Step 1: Import required libraries

from sklearn.datasets import make_classification
from sklearn.impute import SimpleImputer
from sklearn.pipeline import make_pipeline
from sklearn.metrics import ConfusionMatrixDisplay, adjusted_mutual_info_score
import numpy as np
import pandas as pd

from imml.preprocessing import MMTransformer, NormalizerNaN
from imml.ampute import Amputer
from imml.cluster import EEIMVC
from imml.visualize import plot_missing_modality

Step 2: Load the dataset

For reproducibility, we generate a small synthetic classification dataset and split the features into two modalities (Xs[0], Xs[1]).

Using your own data:

  • Represent your dataset as a Python list Xs, one entry per modality.

  • Each Xs[i] should be a 2D array-like (pandas DataFrame or NumPy array) of shape (n_samples, n_features_i).

  • All modalities must refer to the same samples and be aligned by row.

random_state = 42
X, y = make_classification(n_samples=50, random_state=random_state, n_clusters_per_class=1, n_classes=3)
X, y = pd.DataFrame(X), pd.Series(y)
# Two modalities: first 10 features and last 10 features
Xs = [X.iloc[:, :10], X.iloc[:, 10:]]
print("Samples:", len(Xs[0]), "\t", "Modalities:", len(Xs), "\t", "Features:", [X.shape[1] for X in Xs])
n_clusters = len(np.unique(y))
y.value_counts()
Samples: 50      Modalities: 2   Features: [10, 10]

0    17
1    17
2    16
Name: count, dtype: int64

Step 3: Clustering

We show how to cluster the multi-modal data using iMML, in this case, using the algorithm EEIMVC. For this example, we build a pipeline where we first normalize the data and then the samples are clustered.

pipeline = make_pipeline(
    MMTransformer(NormalizerNaN()),
    EEIMVC(n_clusters = n_clusters, random_state=random_state)
)
labels = pipeline.fit_predict(Xs)

Clustering performance is evaluated using the Adjusted Mutual Information (AMI) score, which measures the agreement between predicted clusters and the ground truth, independent of label permutations. We also plot a confusion matrix to visually assess the alignment between predicted clusters and true labels.

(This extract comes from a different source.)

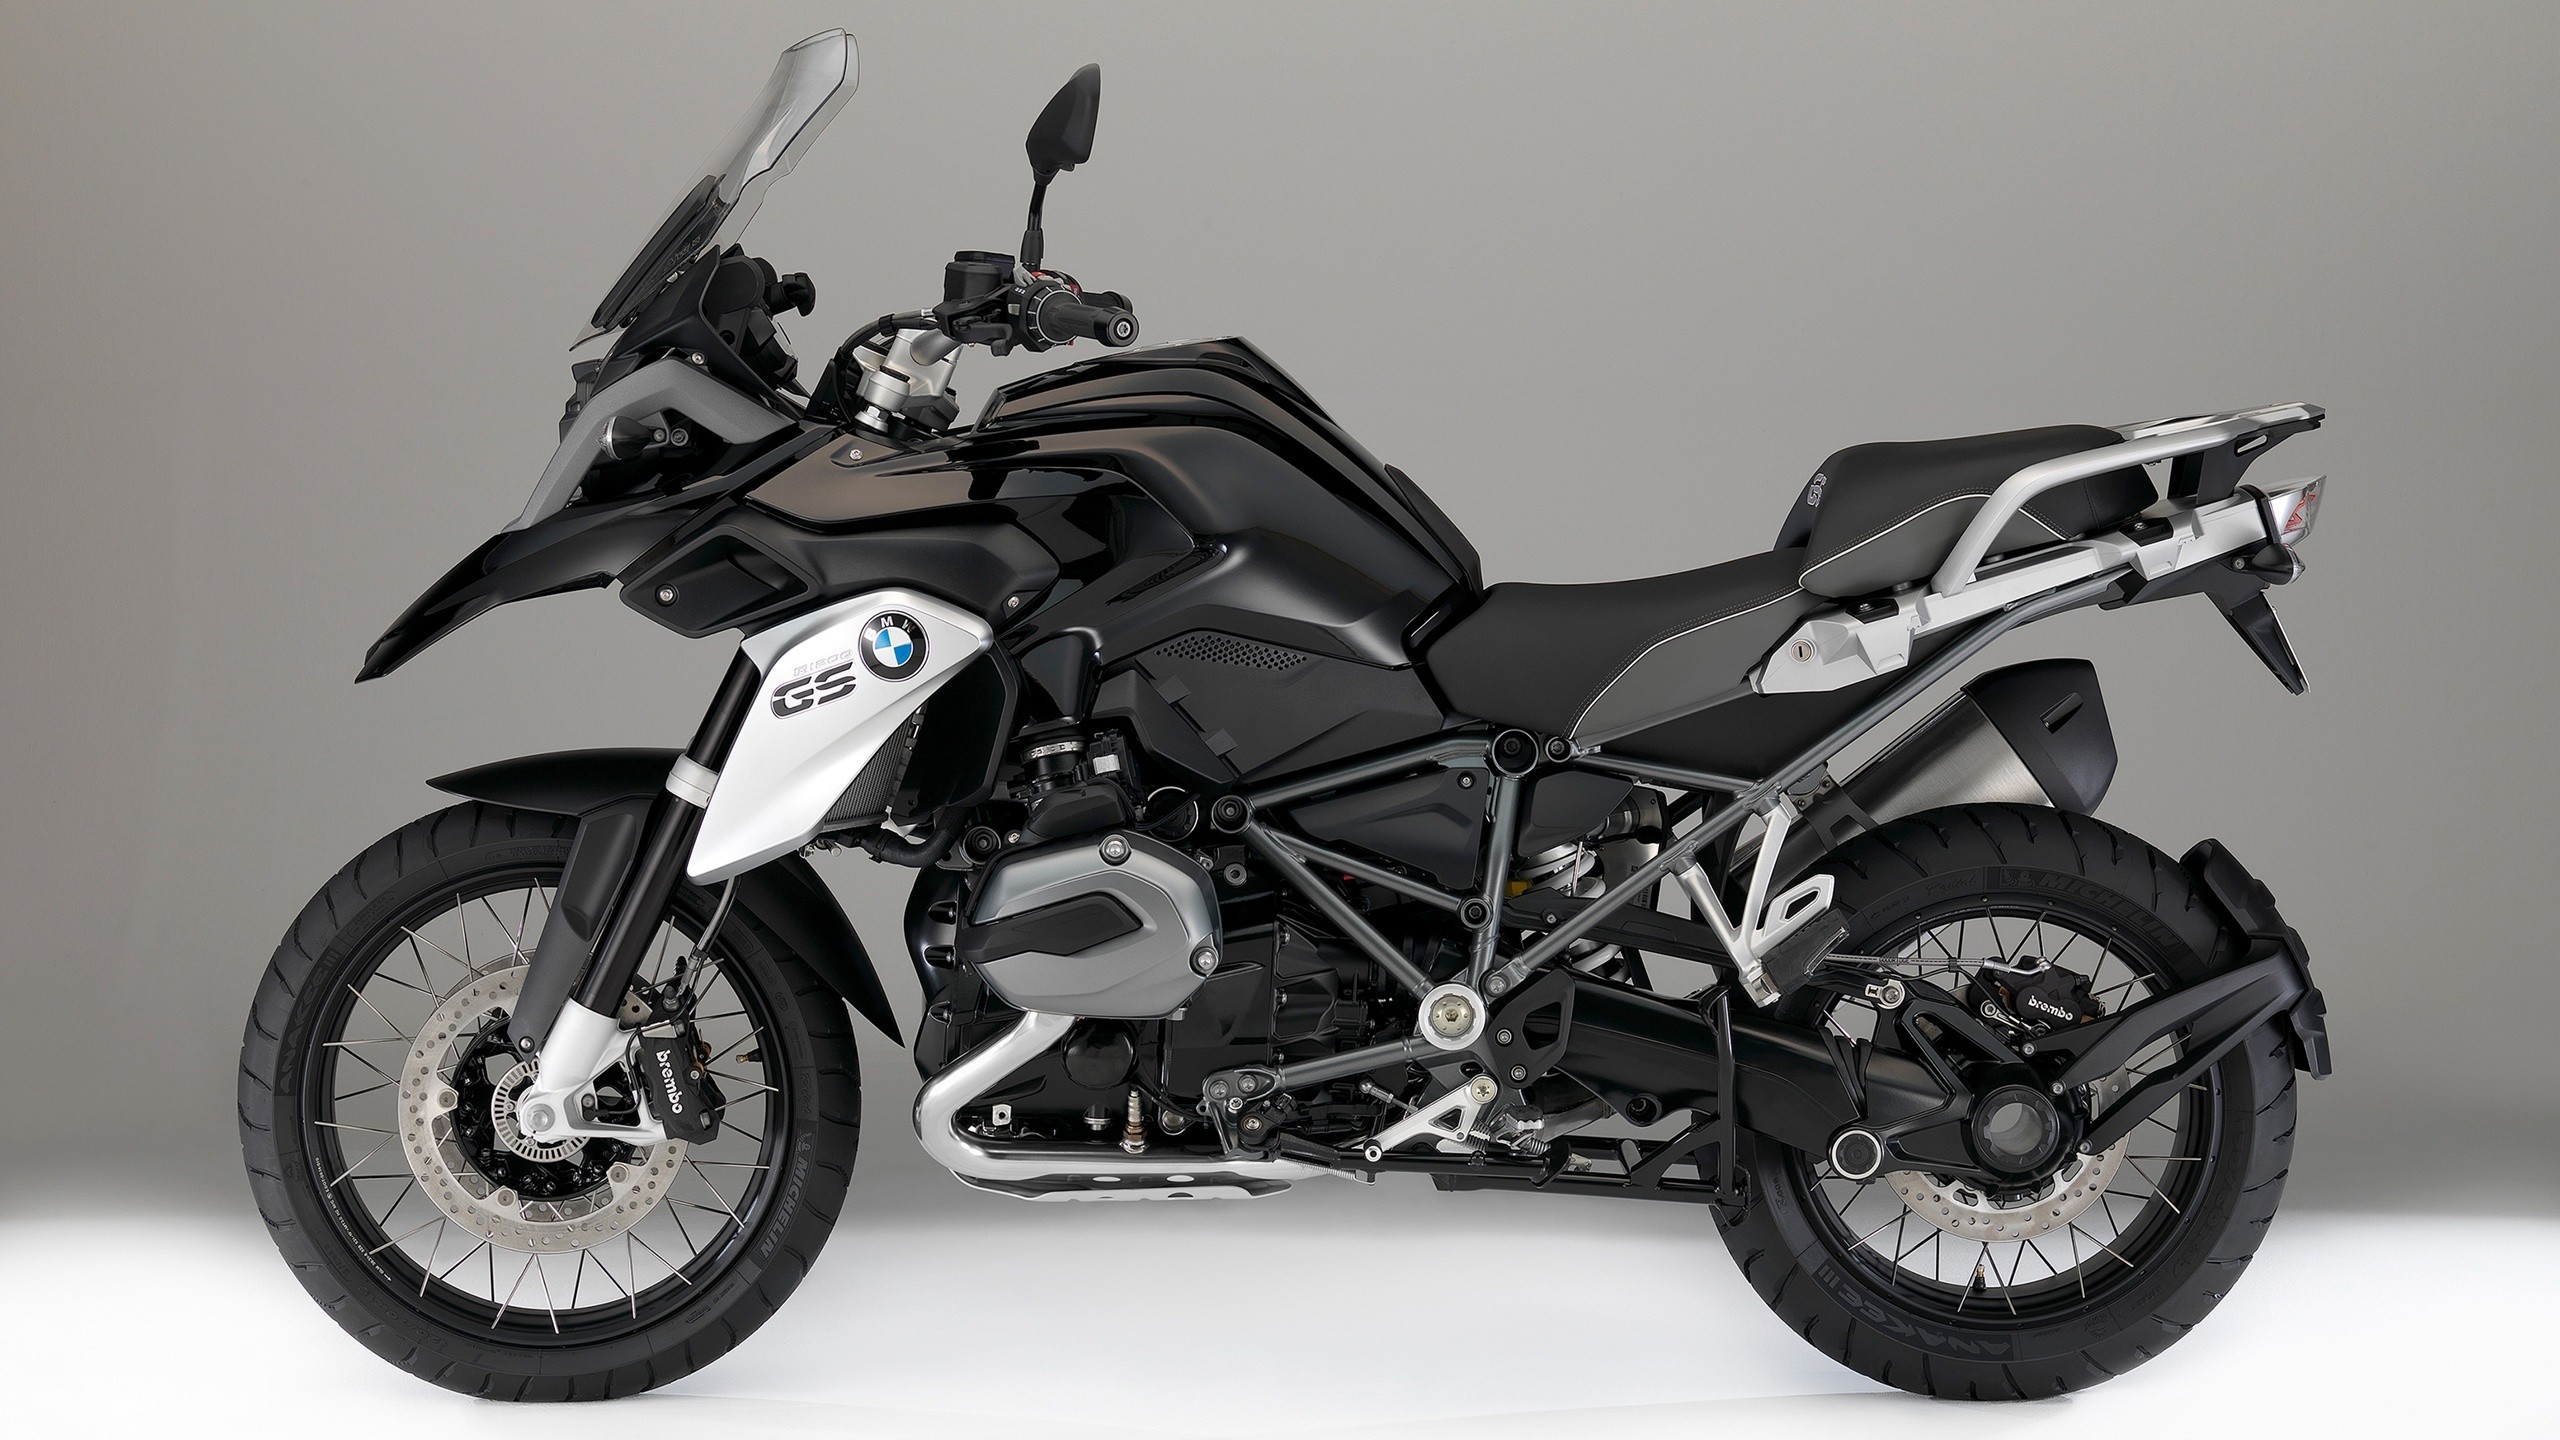 Wallpapers BMW GS 200 car motorcycle on the desktop

ConfusionMatrixDisplay.from_predictions(y_true=y, y_pred=labels)
print("Adjusted Mutual Information Score:", adjusted_mutual_info_score(labels_true=y, labels_pred=labels))
pd.Series(labels).value_counts()
cluster incomplete mmd
Adjusted Mutual Information Score: 0.44572714273549324

1    20
2    15
0    15
Name: count, dtype: int64

The clustering was quite effective, achieving an AMI score close to 0.5. Note that in clustering, the actual label values are arbitrary, only the grouping structure matters.

Step 4: Simulate missing data (Amputation)

As we mentioned, iMML can be used also for incomplete multi-modal learning, Using Amputer in iMML, we randomly introduce missing data to simulate a scenario where some modalities are missing. Here, 20% of the samples will be incomplete.

p = 0.2
amputed_Xs = Amputer(p= p, mechanism="mcar", random_state=42).fit_transform(Xs)

You can visualize which modalities are missing using a binary color map (white for missing modalities, black for available modalities). Each row is a sample; each column is a modality.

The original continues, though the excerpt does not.